- TASK DESCRIPTION
Down to the last line, set down the material below exactly; skip the pictures.

- DATA
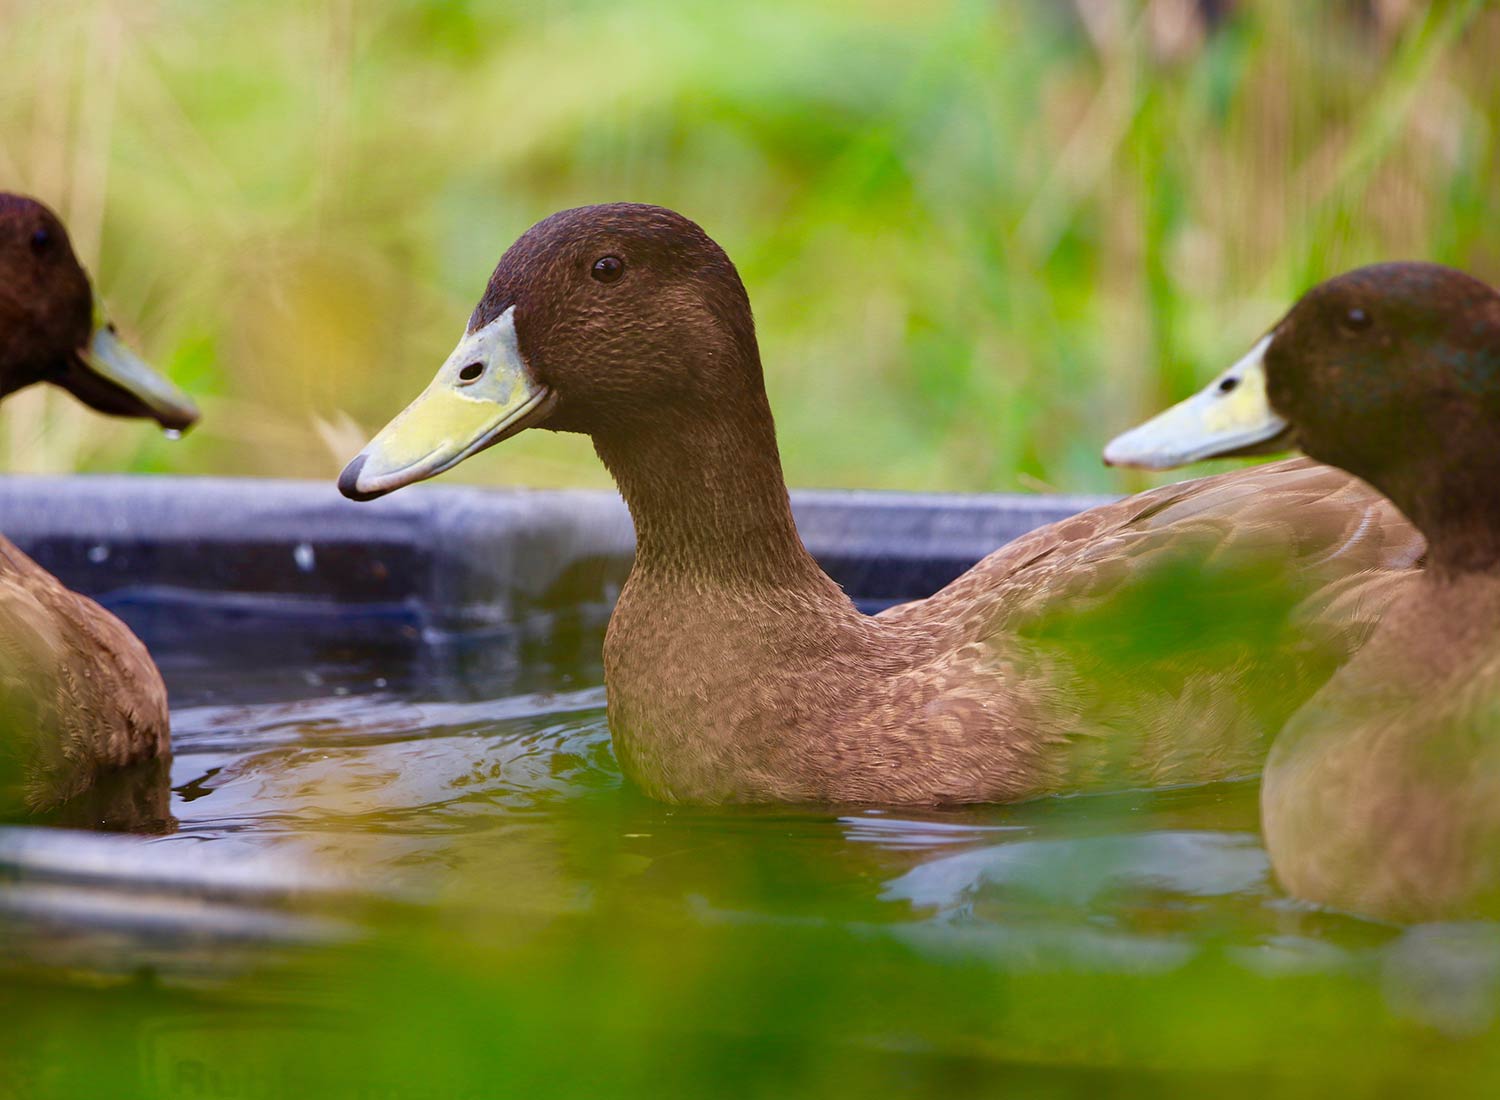 Sanctuary at SHO: redefining animal agriculture | partnering with 100+ rescued ducks to steward non-harming perennial food systems  
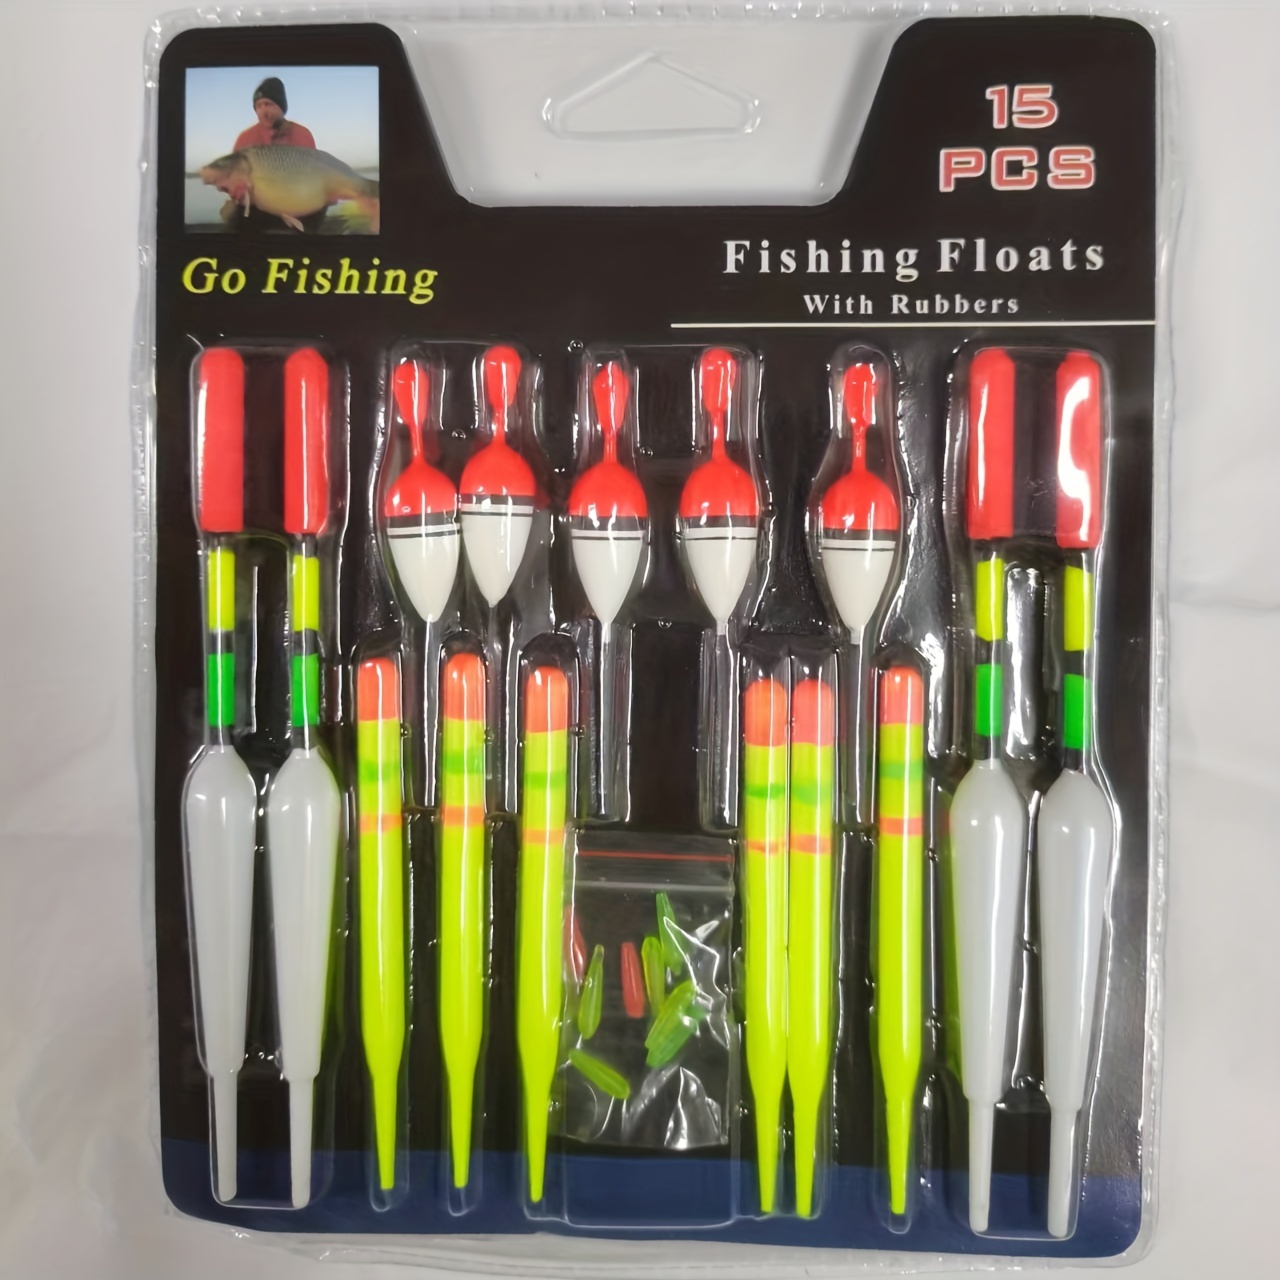 1 Set Of Fishing Lure Indicators: Slip Bobbers For Bass, Trout, Salmon &  More - Perfect For Saltwater & Freshwater Fishing!
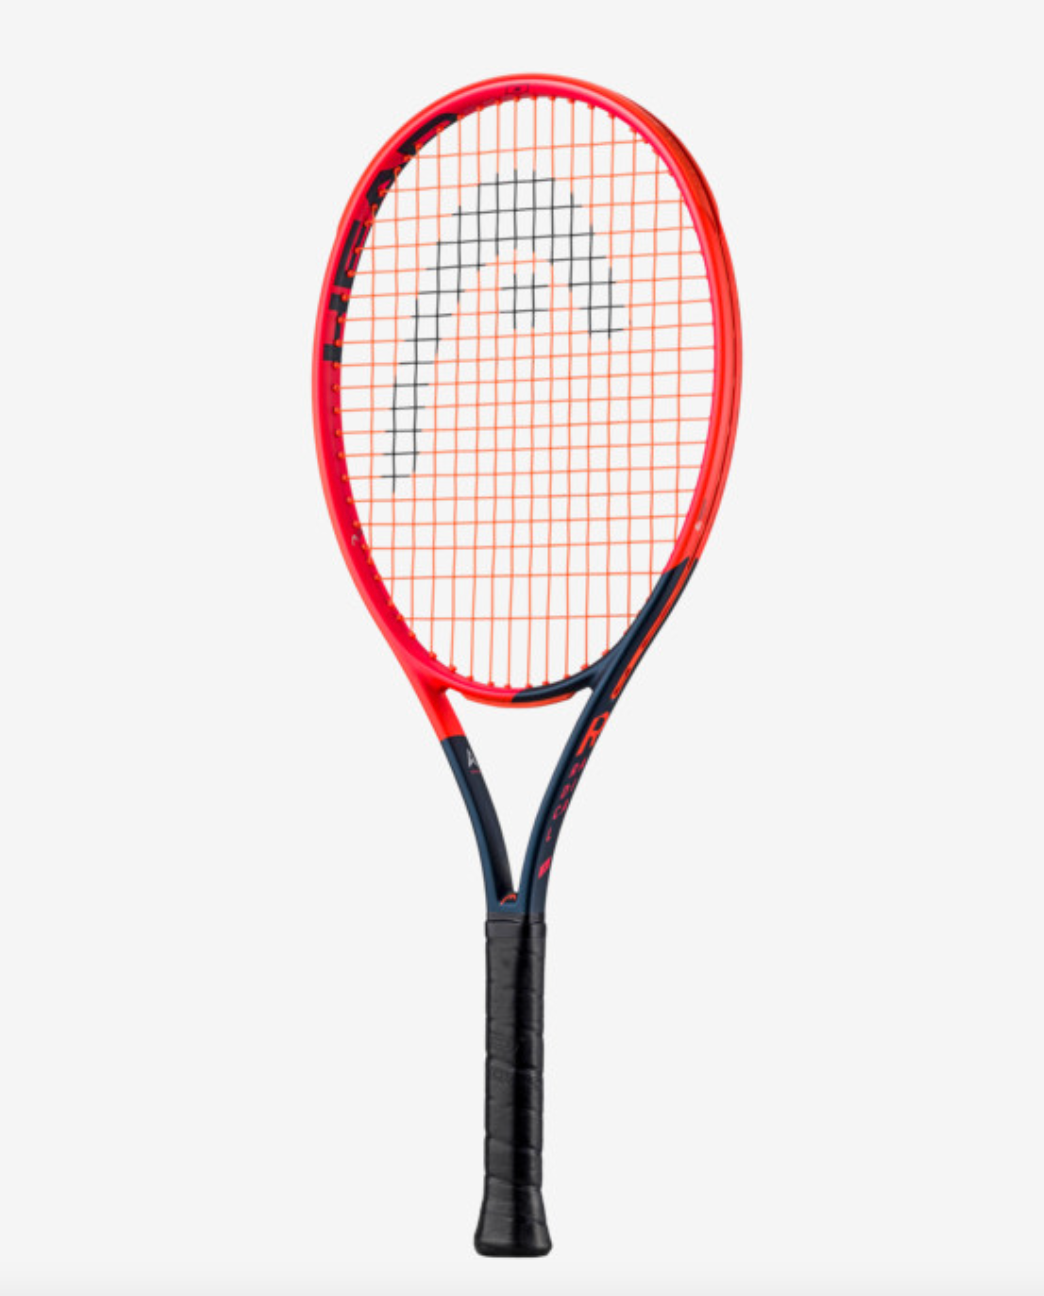 The HEAD Radical Junior 26 Tennis Racquet helps kids start their tennis journey in the most comfortable way. 
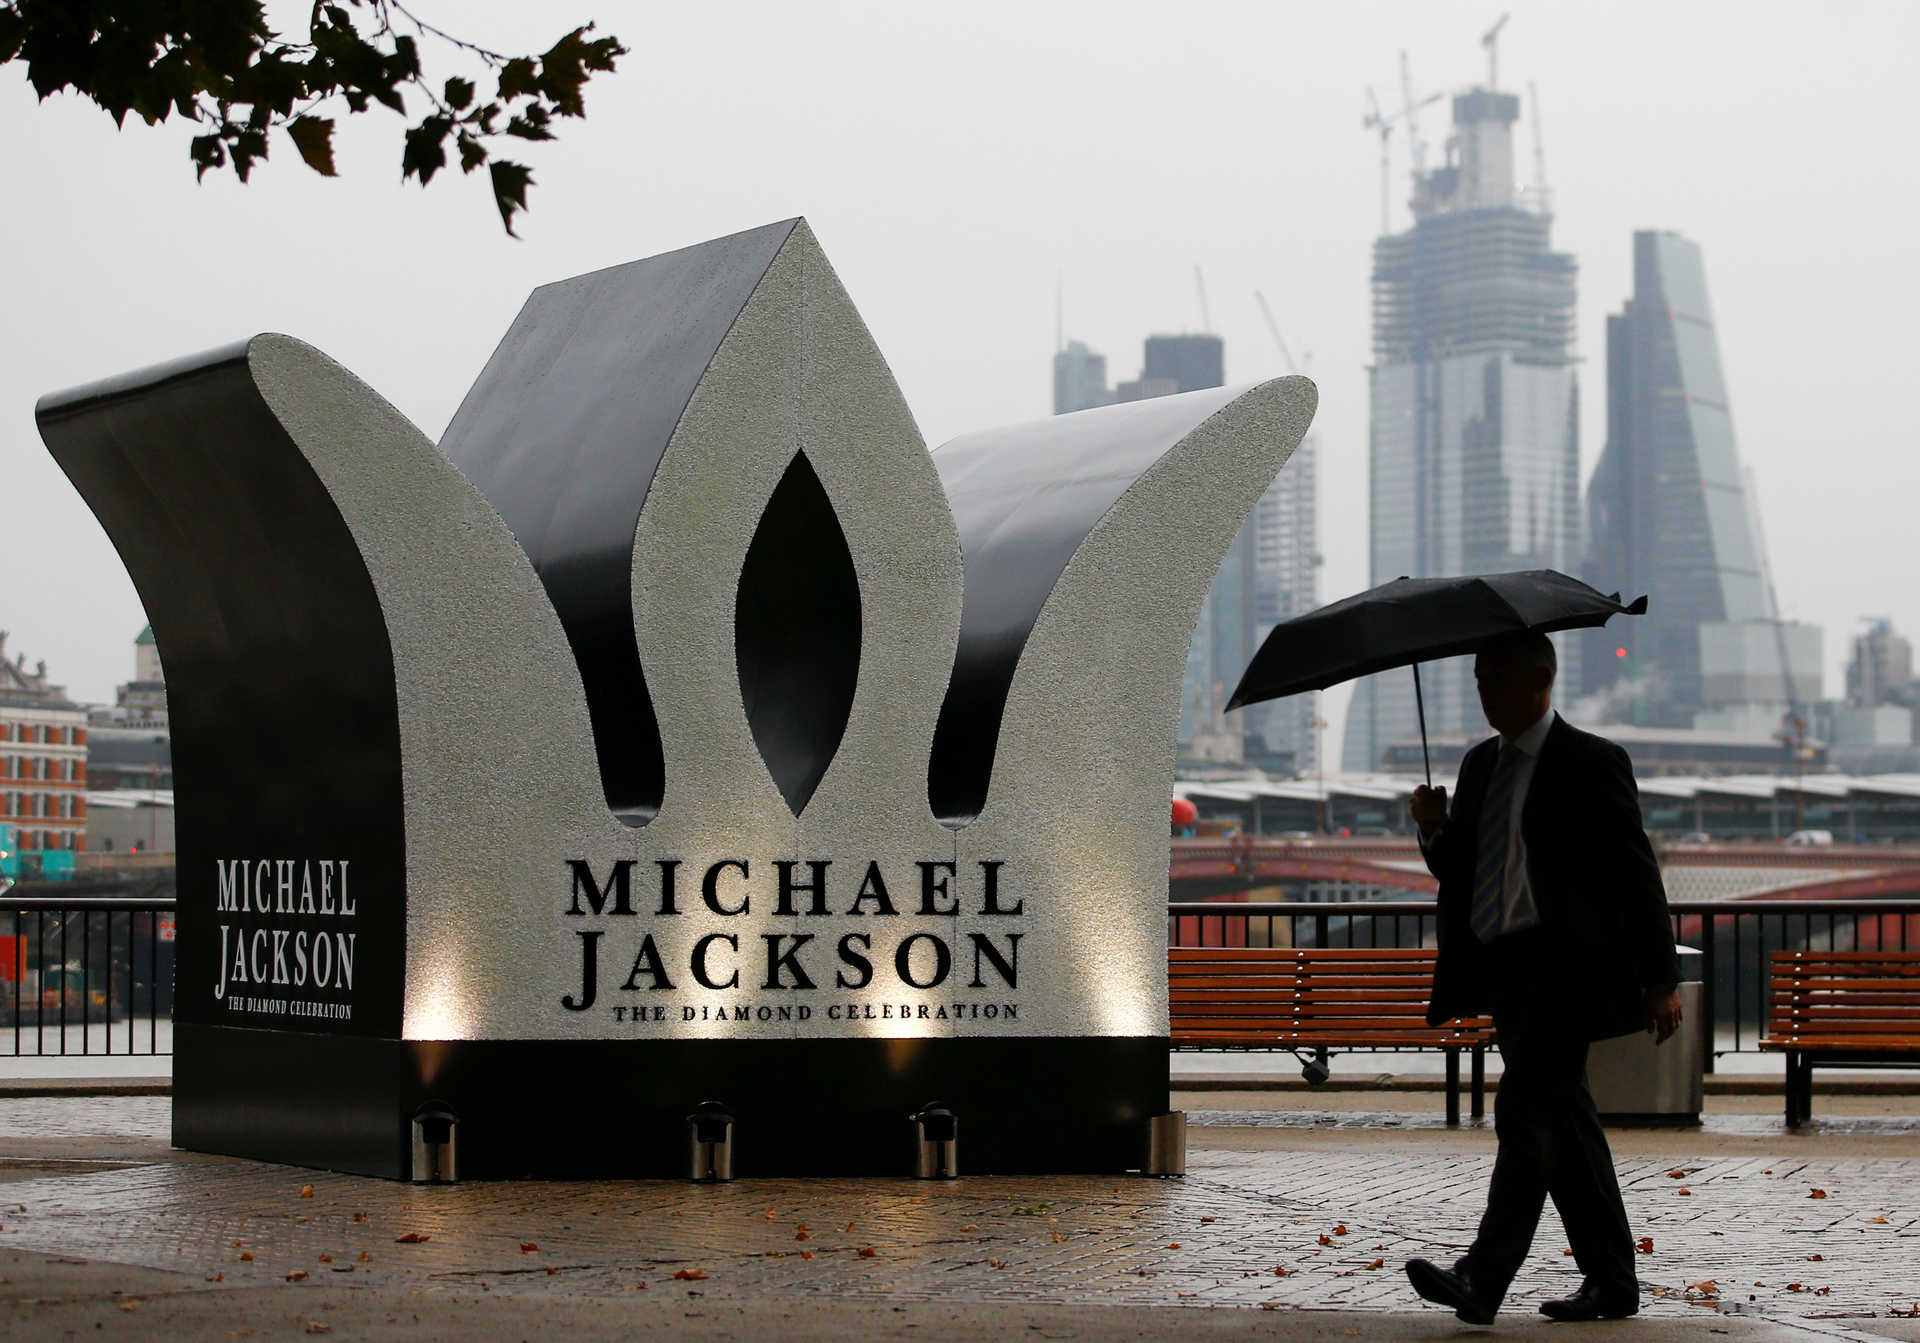 A man walks past a Giant Crown installed to celebrate the 60th birthday of Michael Jackson, on the South Bank in London

- RESPONSE TO THIS TASK
 Sanctuary at SHO: redefining animal agriculture | partnering with 100+ rescued ducks to steward non-harming perennial food systems  
 1 Set Of Fishing Lure Indicators: Slip Bobbers For Bass, Trout, Salmon &  More - Perfect For Saltwater & Freshwater Fishing!
 The HEAD Radical Junior 26 Tennis Racquet helps kids start their tennis journey in the most comfortable way. 
 A man walks past a Giant Crown installed to celebrate the 60th birthday of Michael Jackson, on the South Bank in London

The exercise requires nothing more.